Falttür
Auch: Falttuer · Faltschiebetür
Eine Falttür besteht aus mehreren durch Scharniere verbundenen, meist schmalen Türelementen, die sich beim Öffnen wie ein Fächer zusammenfalten und seitlich an die Wand oder Laibung zurückschieben. Sie wird vor allem dort eingesetzt, wo eine große Öffnung platzsparend verschlossen oder freigegeben werden soll.
Ausführliche Erklärung
Für Makler ist die Falttür in erster Linie bei Raumteilungen, Terrassenzugängen und Schrankverkleidungen relevant und wird häufig mit der funktional ähnlichen Schiebetür verglichen:
- Einsatzbereiche: Typisch sind Falttüren als Raumteiler zwischen Wohn- und Essbereich, als Verschluss großer Terrassen- oder Balkonöffnungen (Faltschiebetüren aus Glas, oft raumhoch) sowie als platzsparender Schrank- oder Duschabtrennungsverschluss.
- Bauarten: Man unterscheidet einfache Falttüren mit wenigen breiten Flügeln und Faltschiebetüren mit vielen schmalen, oft verglasten Elementen, die bei voller Öffnung nahezu die komplette Wandöffnung freigeben – beliebt bei modernen Terrassen- und Wintergartenkonstruktionen.

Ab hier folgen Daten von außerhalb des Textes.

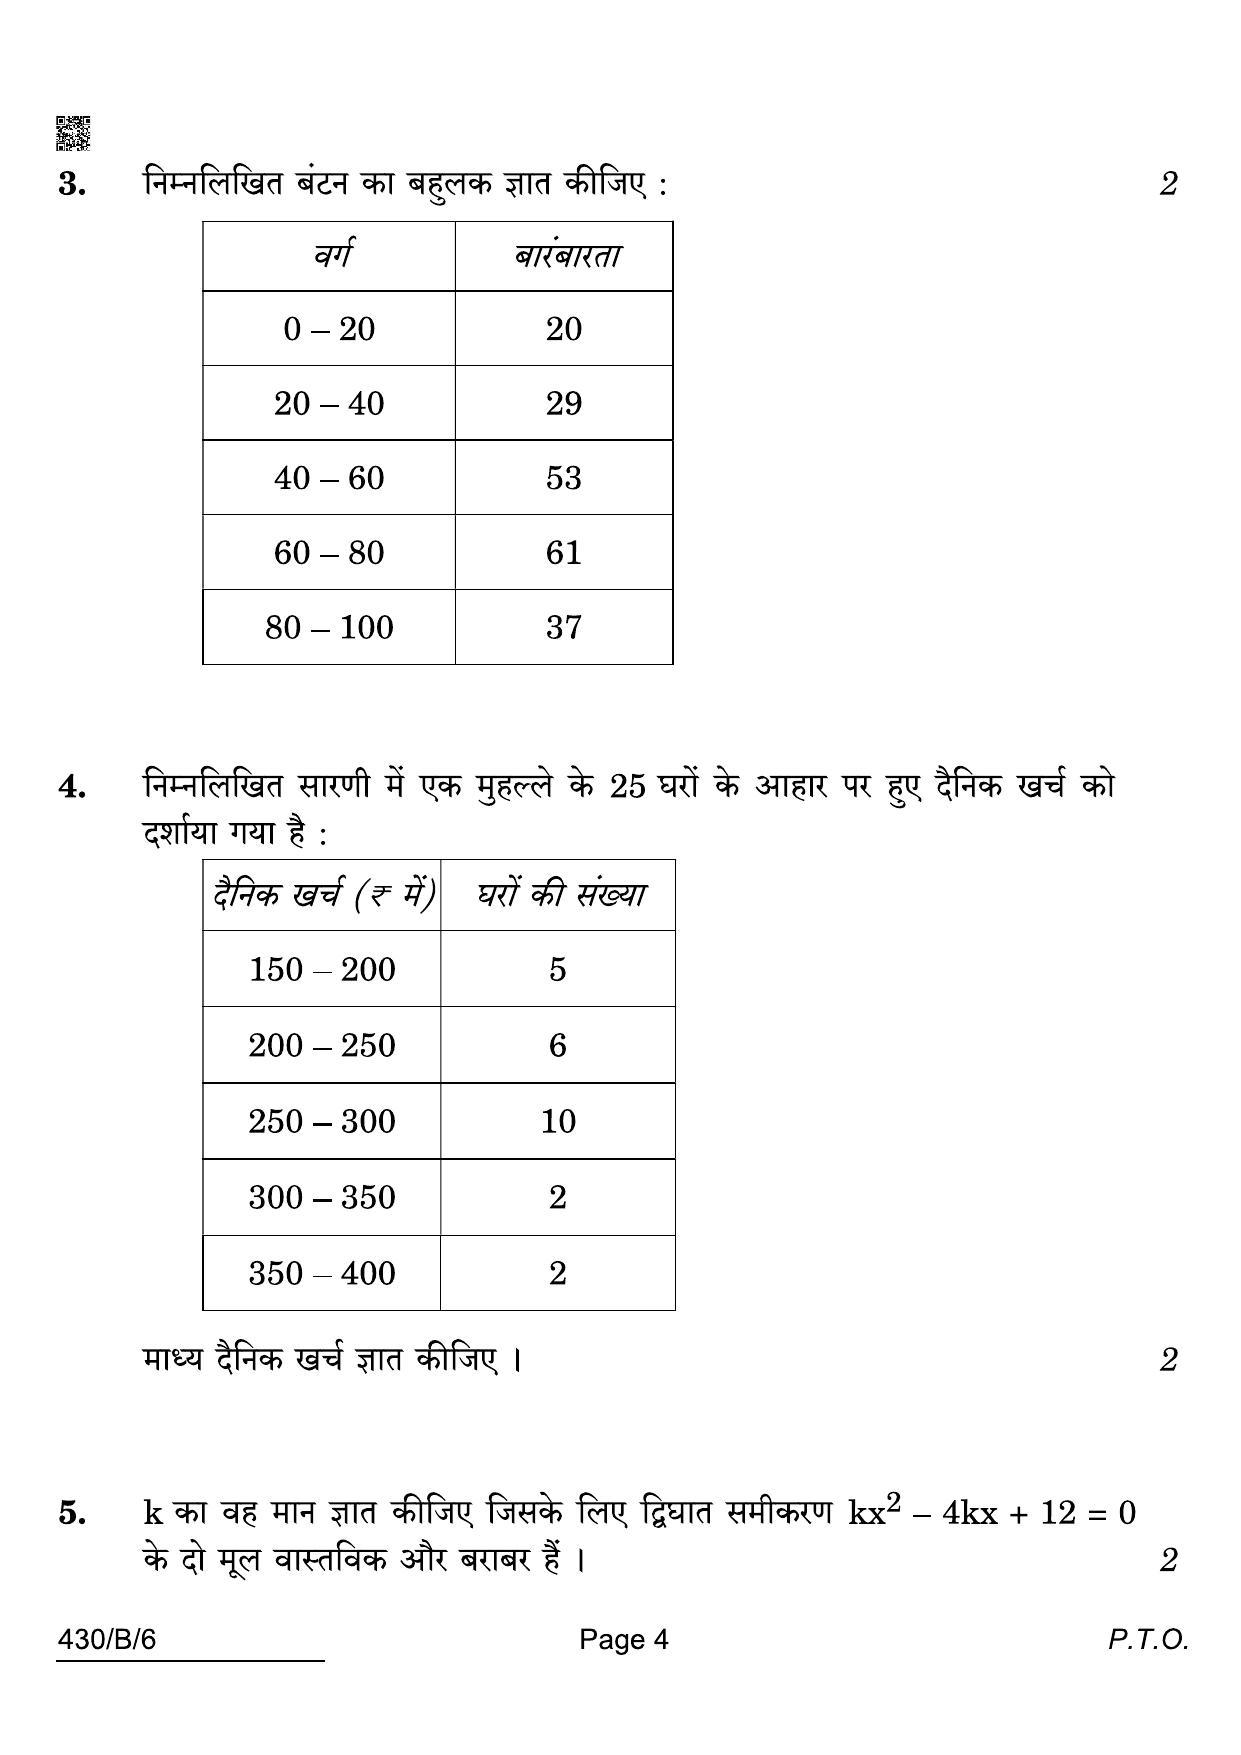 CBSE Class 10 430-B-6 Maths Basic Blind 2022 Compartment Question Paper - Page 4

- Vorteile: Platzersparnis gegenüber klassischen Drehtüren (kein Schwenkbereich nötig), großzügige Öffnungsmöglichkeit, gute Eignung für fließende Raumkonzepte.
- Nachteile/Praxishinweise: Höherer Aufwand bei Dichtigkeit und Wärmedämmung im Vergleich zu klassischen Fenstertüren, aufwendigere Mechanik (mehr Verschleißteile: Rollen, Scharniere, Laufschienen), die bei Alter und Zustand des Objekts geprüft werden sollte.
- Wertrelevanz: Hochwertige Faltschiebetür-Systeme (z. B. große Glaselemente zum Garten) gelten als attraktives Ausstattungsmerkmal bei modernen Neubauten und Sanierungsobjekten mit Fokus auf Indoor-Outdoor-Wohnen.
Beispiel aus der Praxis
Ein Neubau mit offenem Wohn-Ess-Bereich verfügt über eine raumhohe Faltschiebetür aus Glas, die den gesamten Wohnraum zur Terrasse hin öffnen lässt. Der Makler hebt dieses Merkmal im Exposé als besonderes Highlight für Käufer hervor, die Wert auf fließende Übergänge zwischen Innen- und Außenbereich legen.
Rechtsgrundlage
Keine spezielle Rechtsgrundlage. Bautechnische Anforderungen an Wärmedämmung und Einbruchhemmung richten sich nach dem Gebäudeenergiegesetz (GEG) und den einschlägigen DIN-Normen für Türsysteme.